### REQUIRED ACTION
Word for word, print out all of the data, omitting every image.

### SOURCE DATA

————

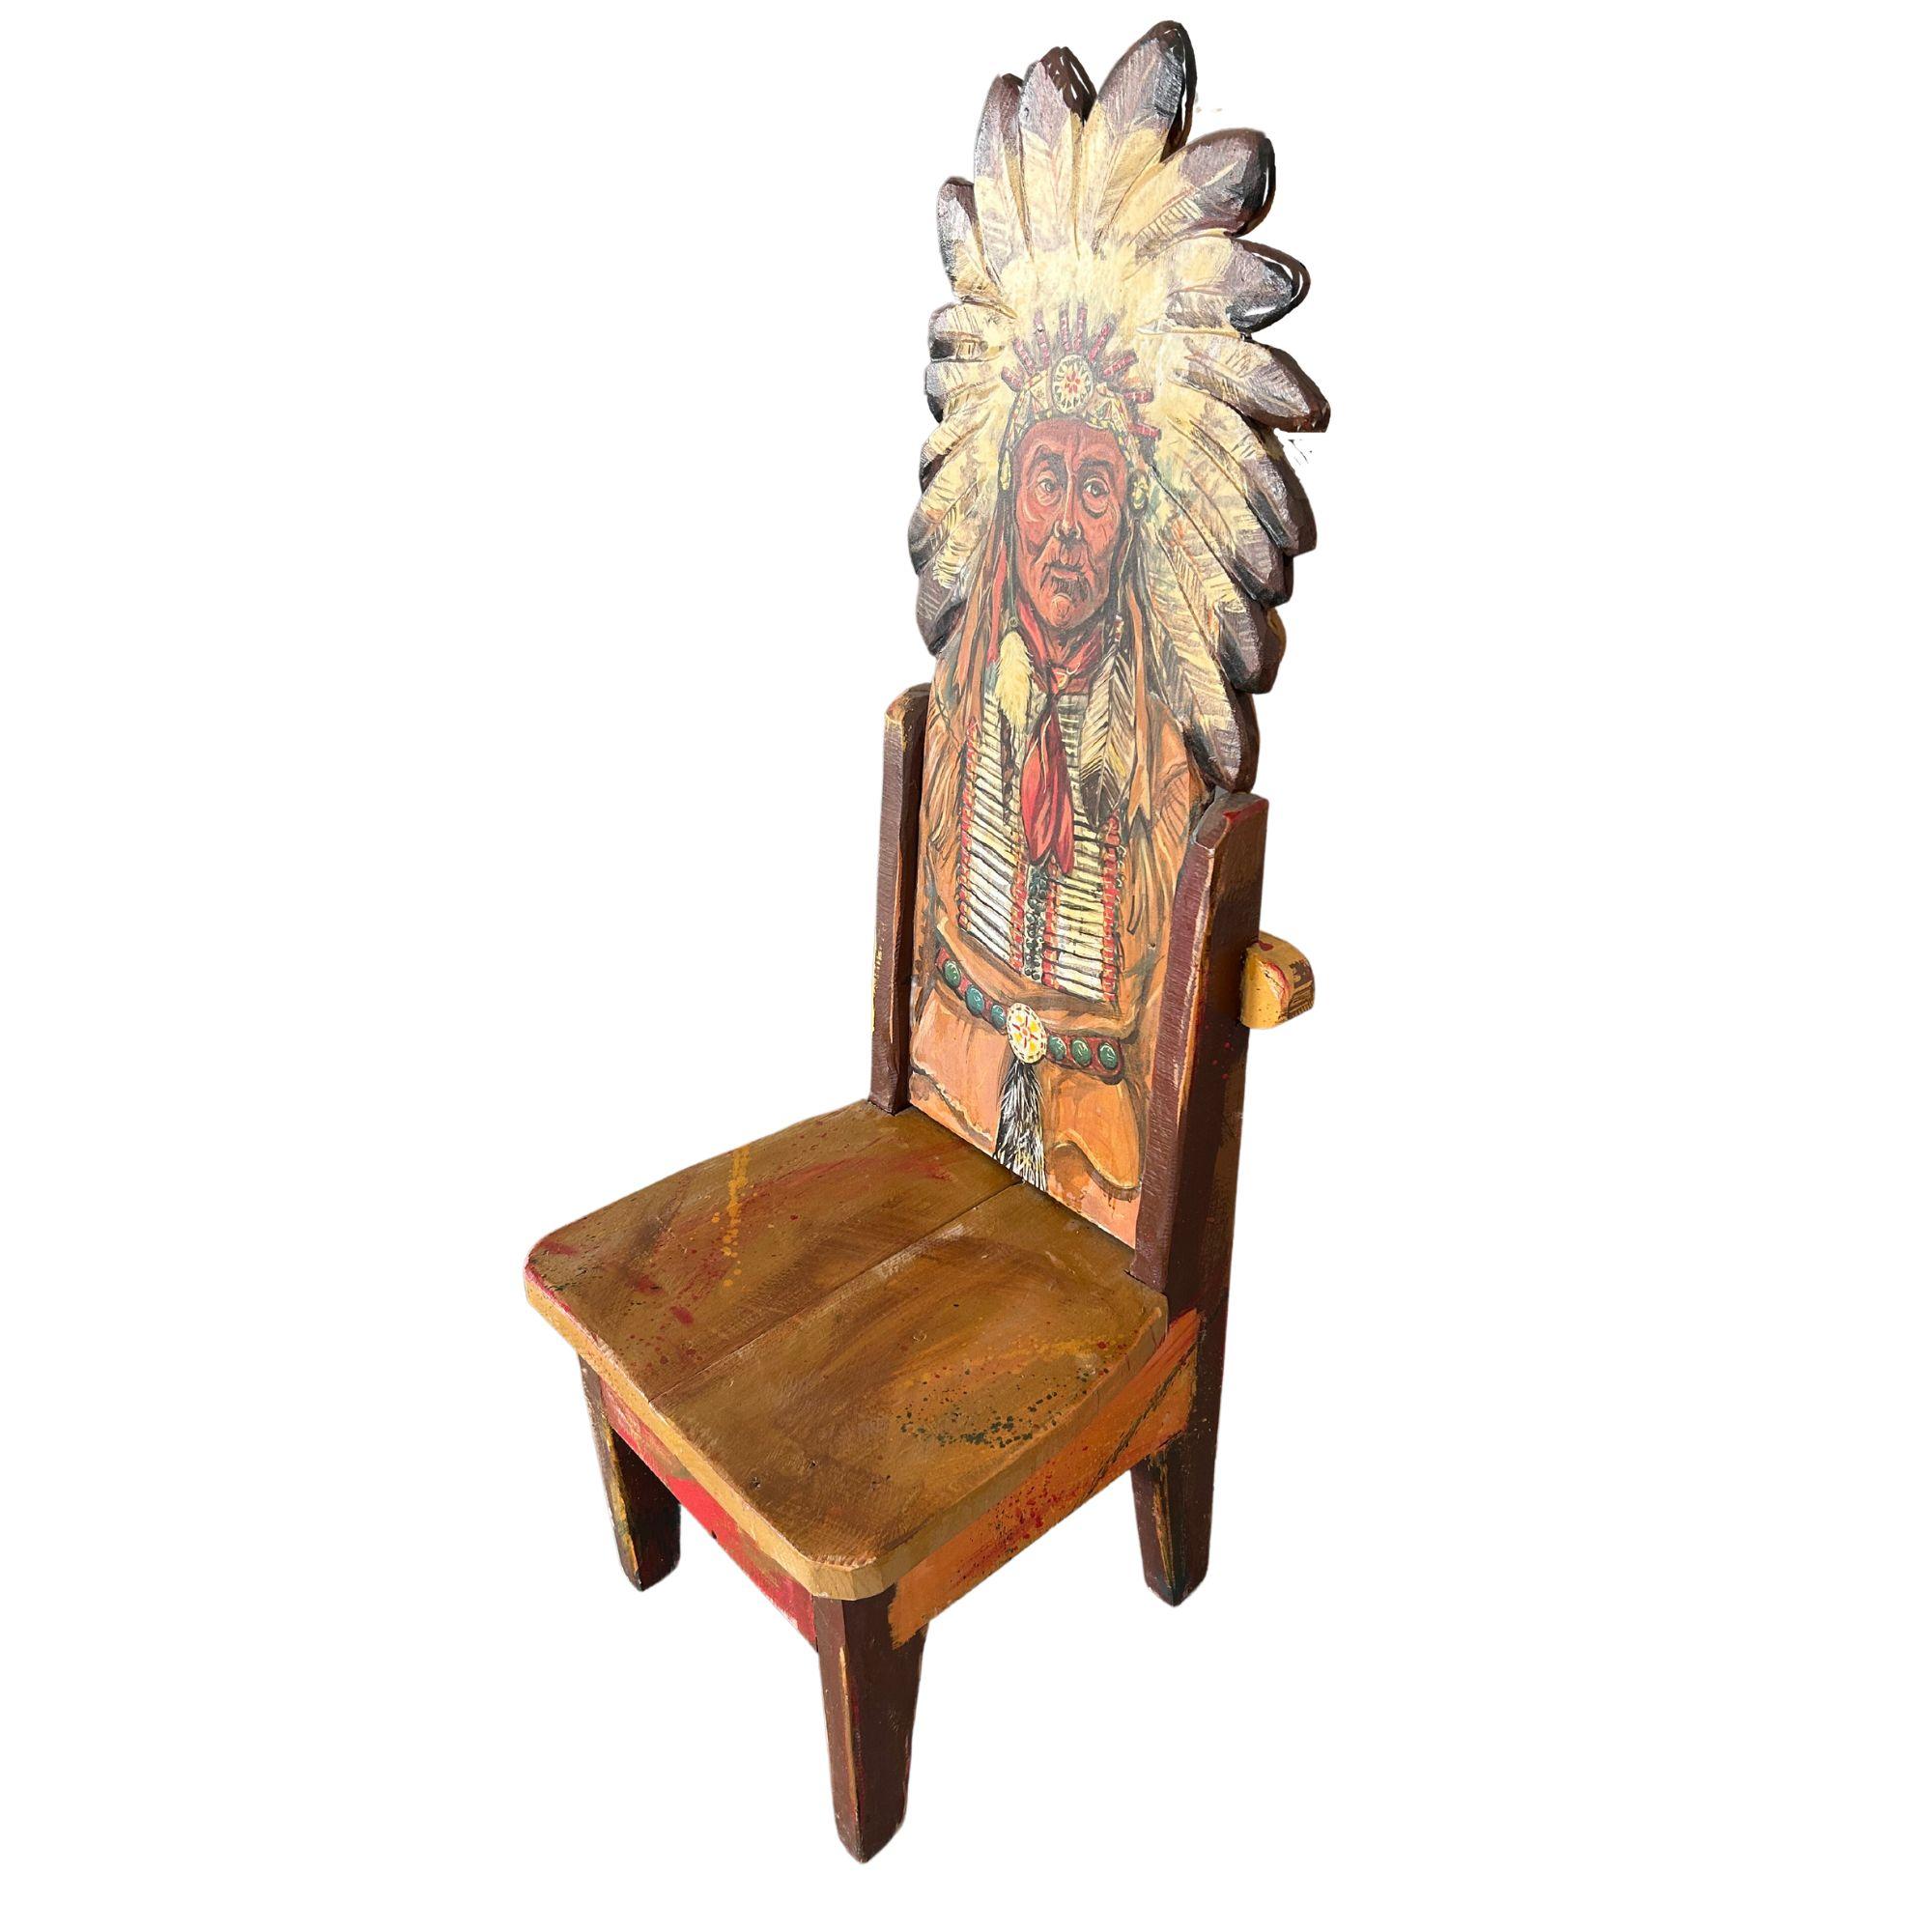 Chaise d'art populaire amérindien peinte à la main.
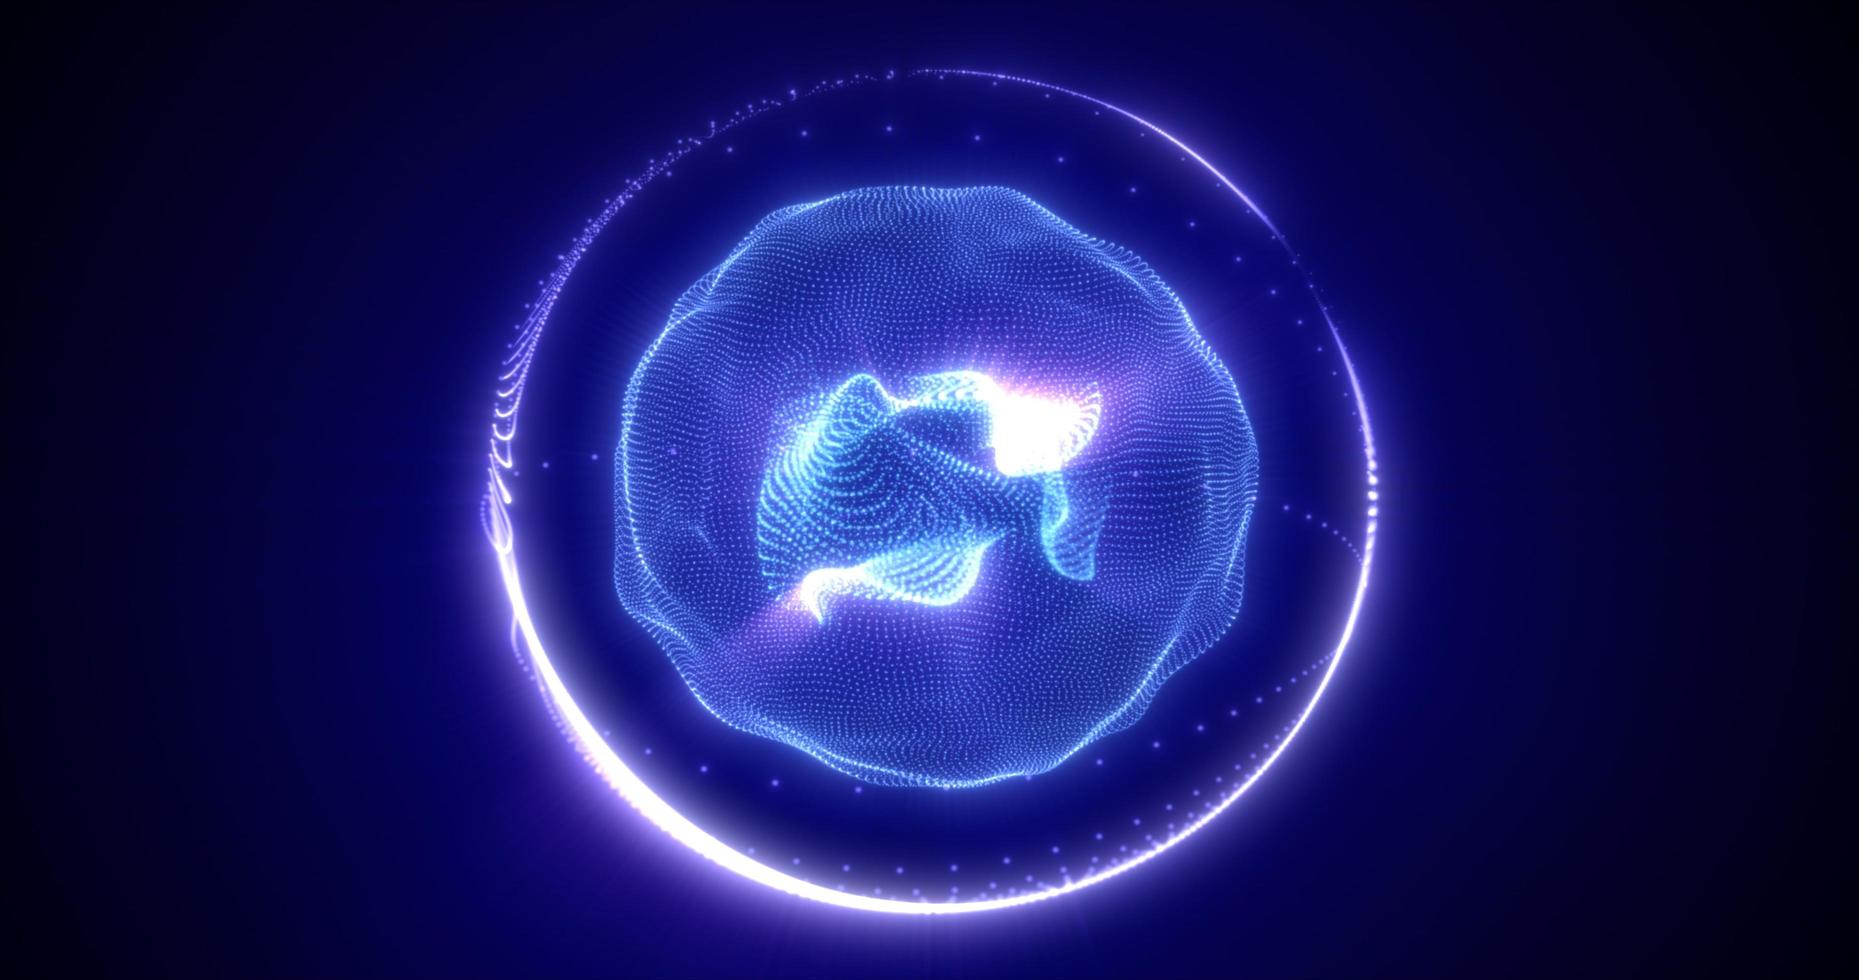 abstrakt Blau Energie Kugel von Partikel und Wellen von magisch glühend auf ein dunkel Hintergrund foto
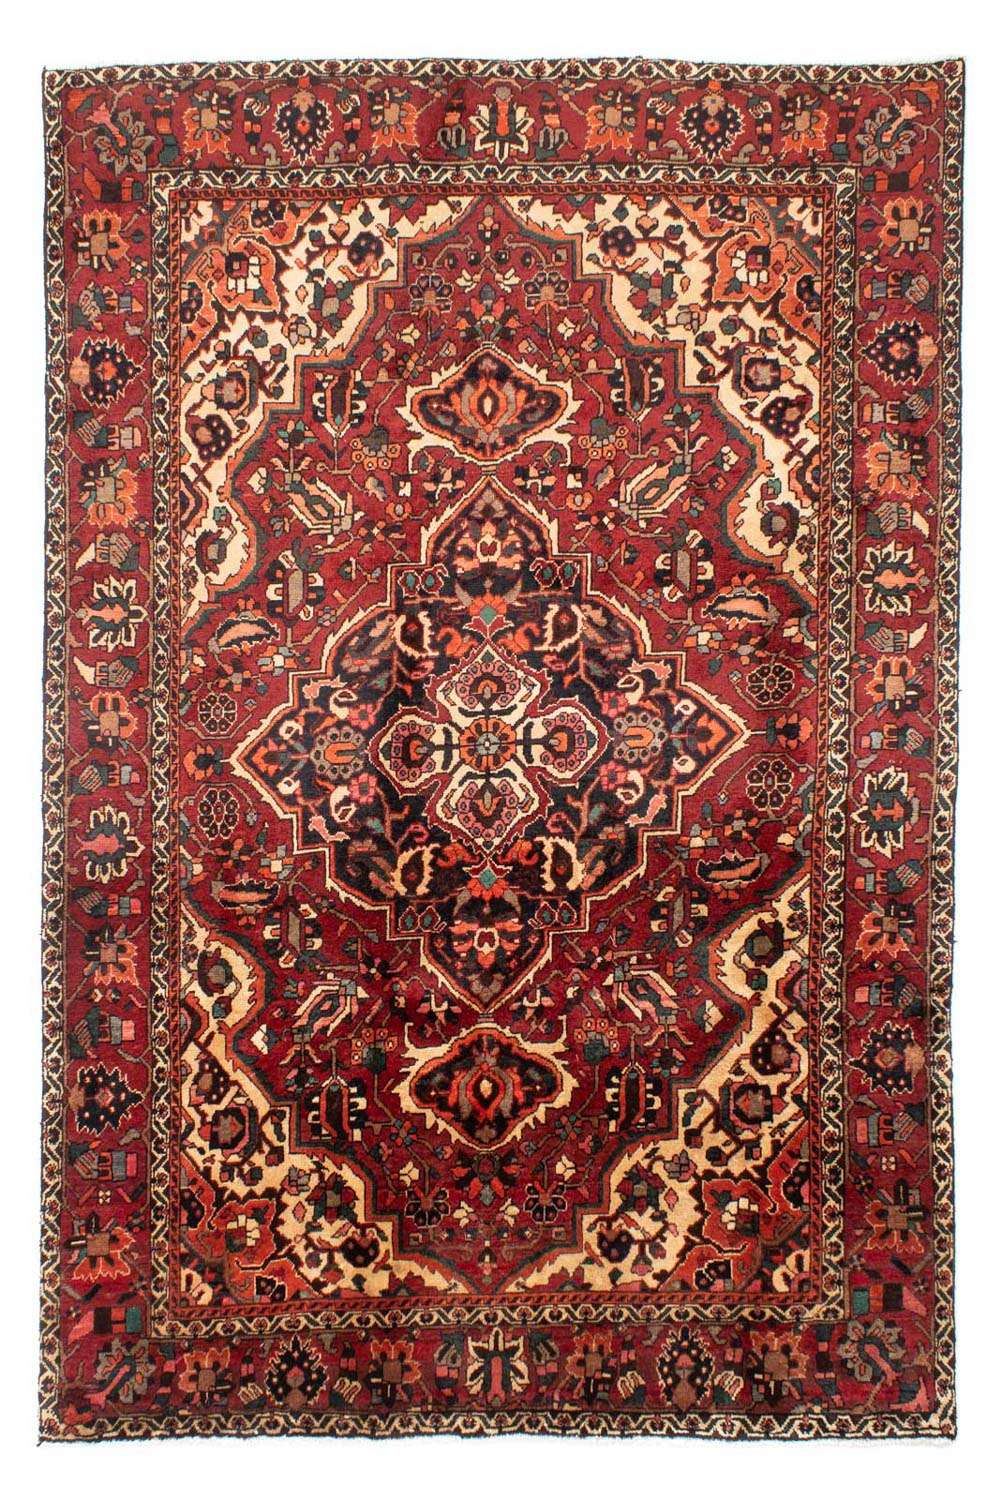 Alfombra persa - Nómada - 295 x 202 cm - rojo oscuro

————

### ANSWER SPACE
 Chaise d'art populaire amérindien peinte à la main.
 abstrakt Blau Energie Kugel von Partikel und Wellen von magisch glühend auf ein dunkel Hintergrund foto
 Alfombra persa - Nómada - 295 x 202 cm - rojo oscuro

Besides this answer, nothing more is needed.